Buenos Aires es una de las ciudades más bohemias de toda Sudamérica, donde se mezcla alegremente la civilización e impulso de un país con el desbande de pulsiones, malcriadeces extravagantes y sensualidad en cada uno de sus coloridos y estrechos rincones. Buenos Aires –aparte de entregarse apasionadamente al fútbol cada fin de semana- es una ciudad dada al arte, a la pintura y en importante medida a la danza. Pero viajar a Buenos Aires significa descubirir no cualquier danza, sino una muy especial. Buenos Aires no es el epicentro donde se dan cita y exhiben muchas danzas foráneas sino que tiene la suficiente personalidad para tener una propia. Una tan conocida alrededor del mundo, principalmente por su sensualidad en la ejecución, que debido a esta miles de turistas llegan tan sólo para ver de cerca de los maestros… del Tango.
El Tango nace en las entrañas de la capital argentina, por lo que es de calidad netamente urbana. Su característica principal es su sensualidad explícita dada por el coqueteo realizado en andas de la danza, donde la pareja siempre abrazada –y vestida de manera elegante, como “uniforme oficial” de los danzantes- se mira y retoza al ritmo acompasado de la música. A decir verdad es un baile bastante complejo, que requiere de mucha dedicación para su aprendizaje.

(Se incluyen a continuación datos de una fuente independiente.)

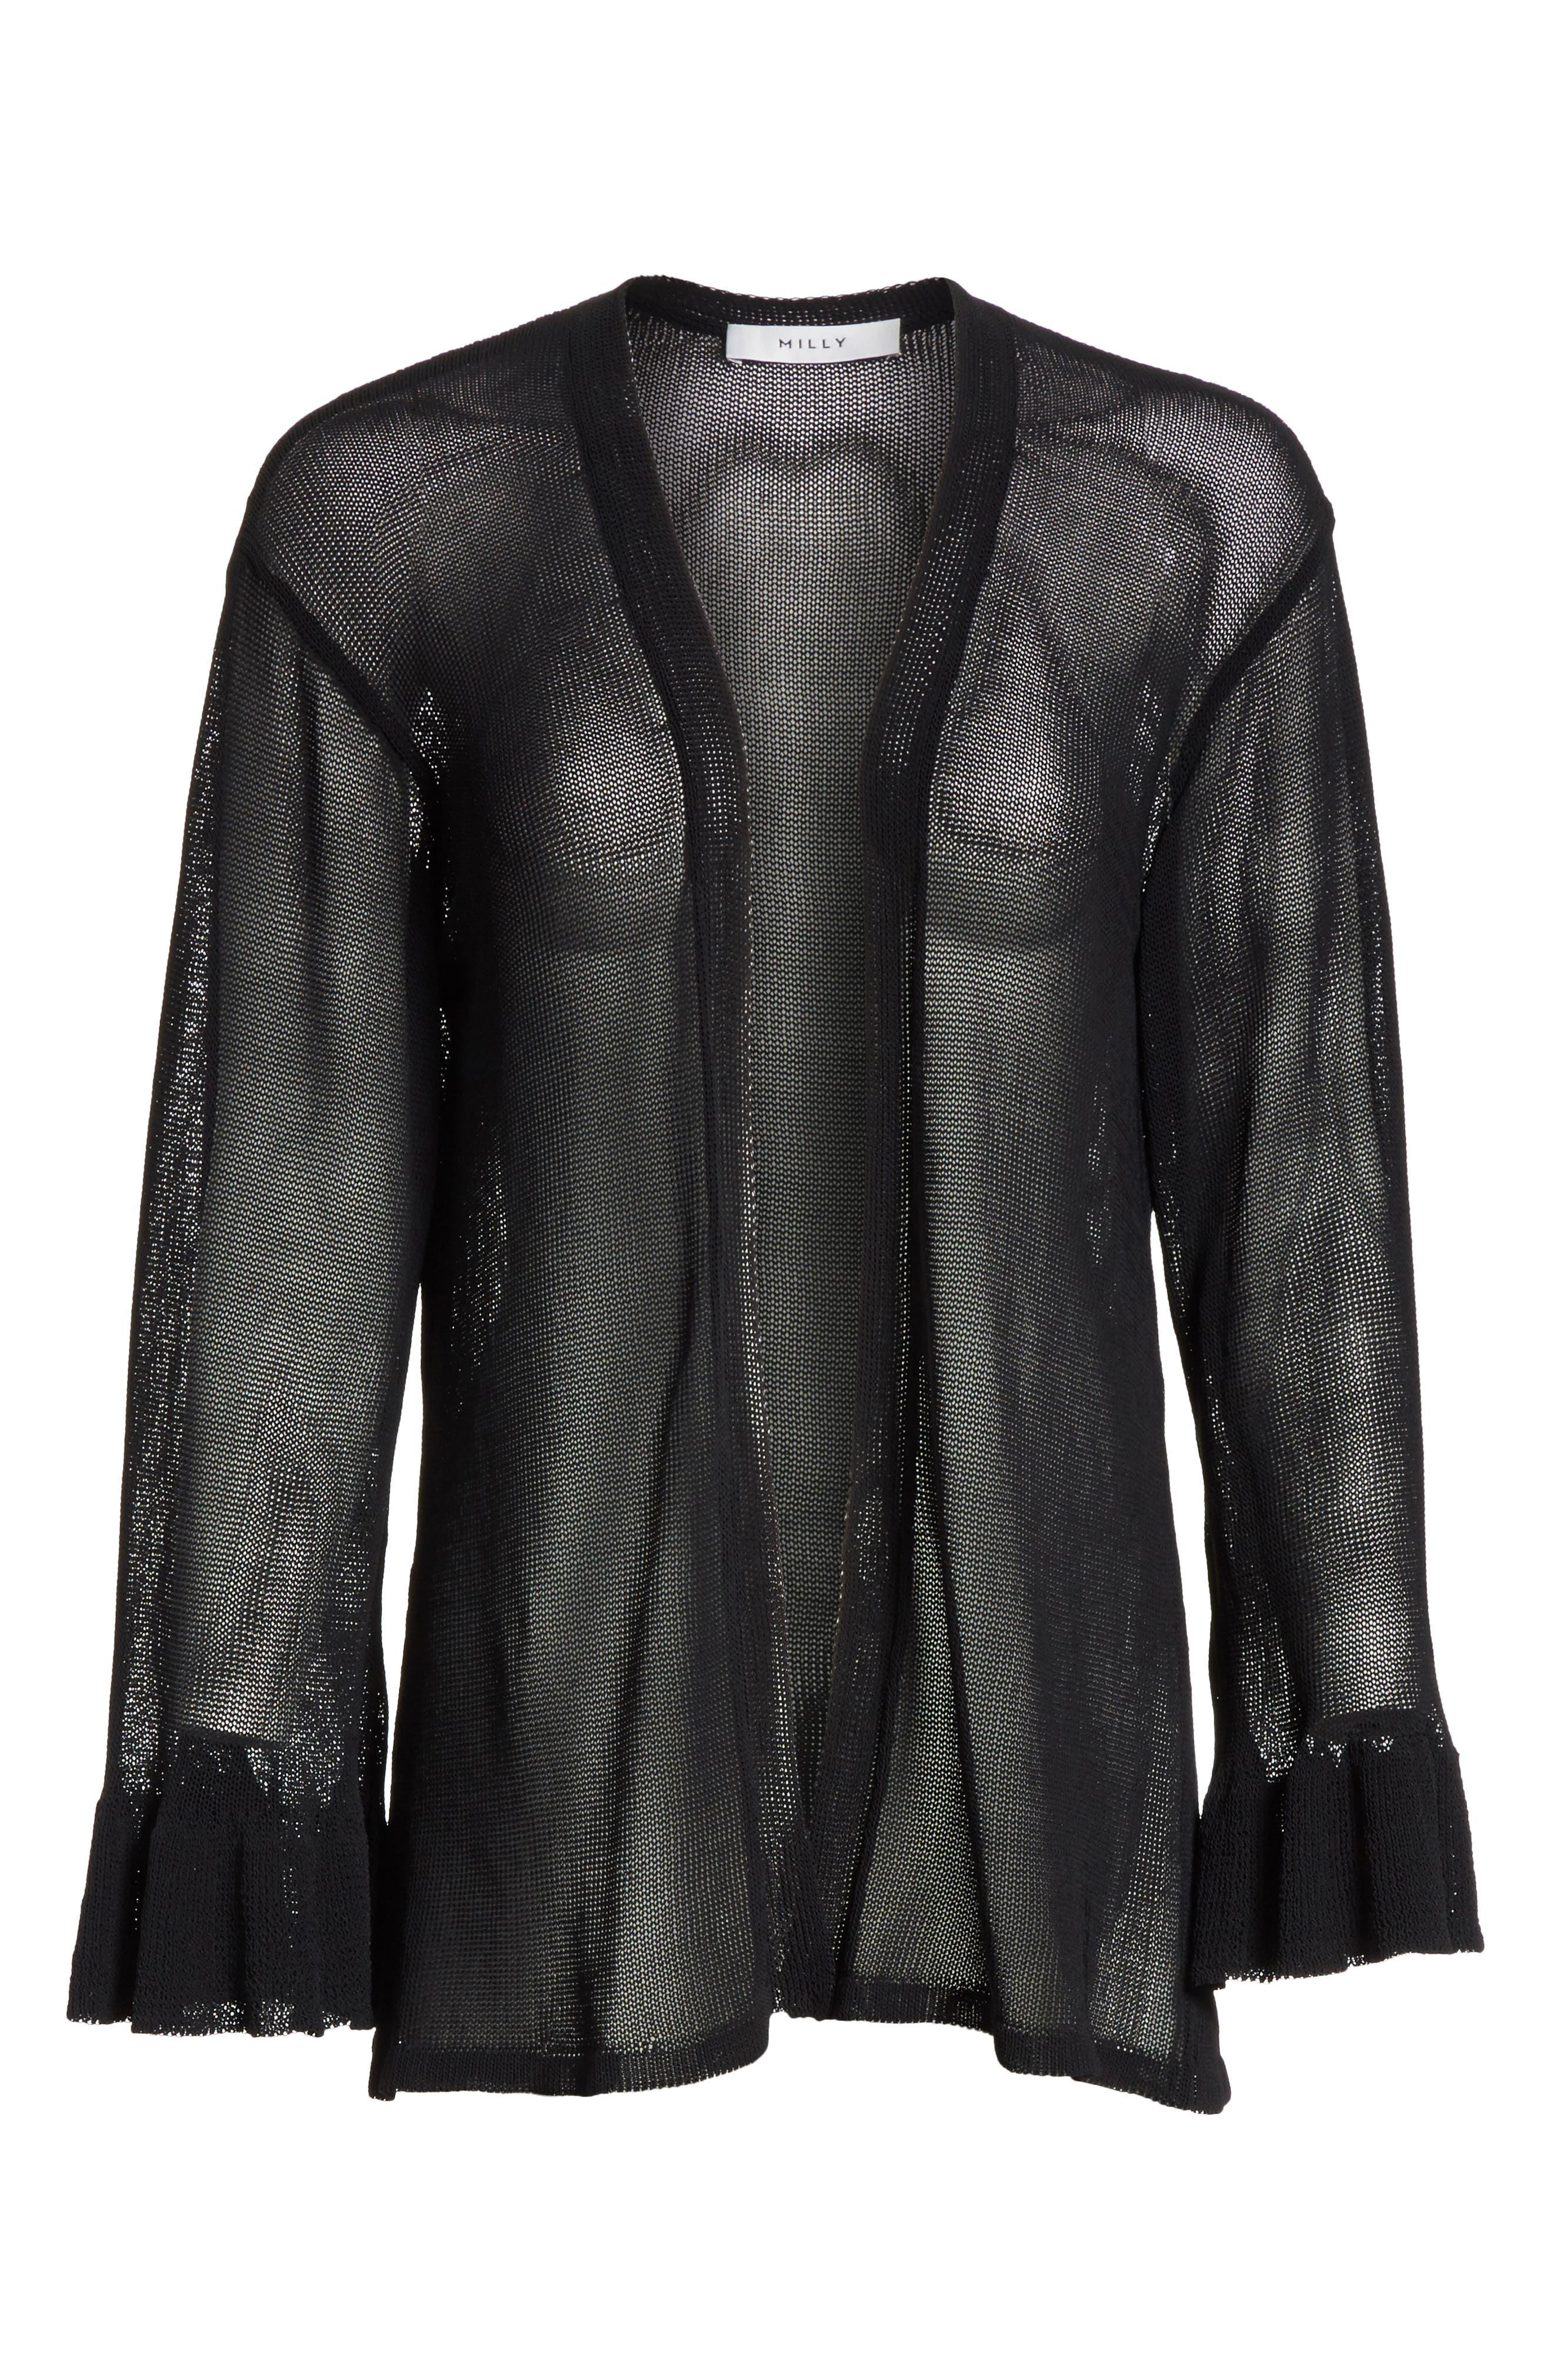 Ruffle Sleeve Italian Mesh Cardigan,                             Alternate thumbnail 6, color,                             Black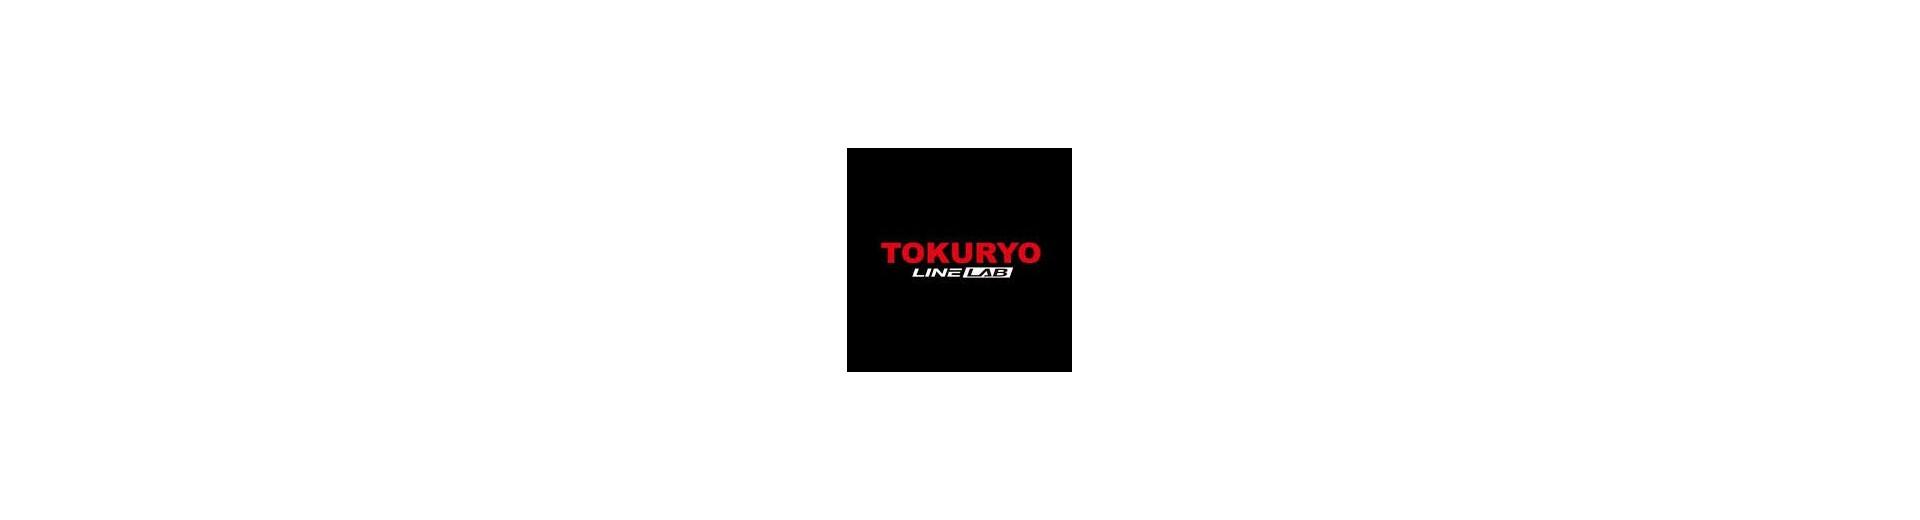 Tokuryo

En el centro de Buenos Aires existen cientos de lugares donde el tango y la gastronomía rioplatense –parrillas o lo relacionado con carnes- se juntan para el disfrute de los diversos visitantes ávidos de empaparse de la cultura argentina, muy difundida en primera instancia por el baile en cuestión. De estos destacan Complejo Tango, Boca Tango, Esquina Carlos Gardel y El Viejo Almacén.
Si bien el tango es un baile elegante que tiene mayor arraigo en las clases media alta de la ciudad, por lo que los lugares que ofrecen los mejores shows son medianamente exclusivos. Pero esta es una actividad que encuentra identificación en todo tipo de estrato, hasta en los más humildes, que ven en las milongas los lugares idóneos para disfrutar de este arte, sin el mismo glamour -claro está- pero con la misma pasión, propia de la sociedad bonaerense. Café Tortoni, Centro Cultural Torquato Tasso, La Viruta Tango y Bar Sur son las principales milongas.
El inicio del tango, en lo que a lírica se refiere, fue grosero y burdo, dedicando sus improvisadas letras a la vida de burdeles y bohemia, evolucionando al pasar los años en puro garbo y elegancia, que es como se disfruta ahora.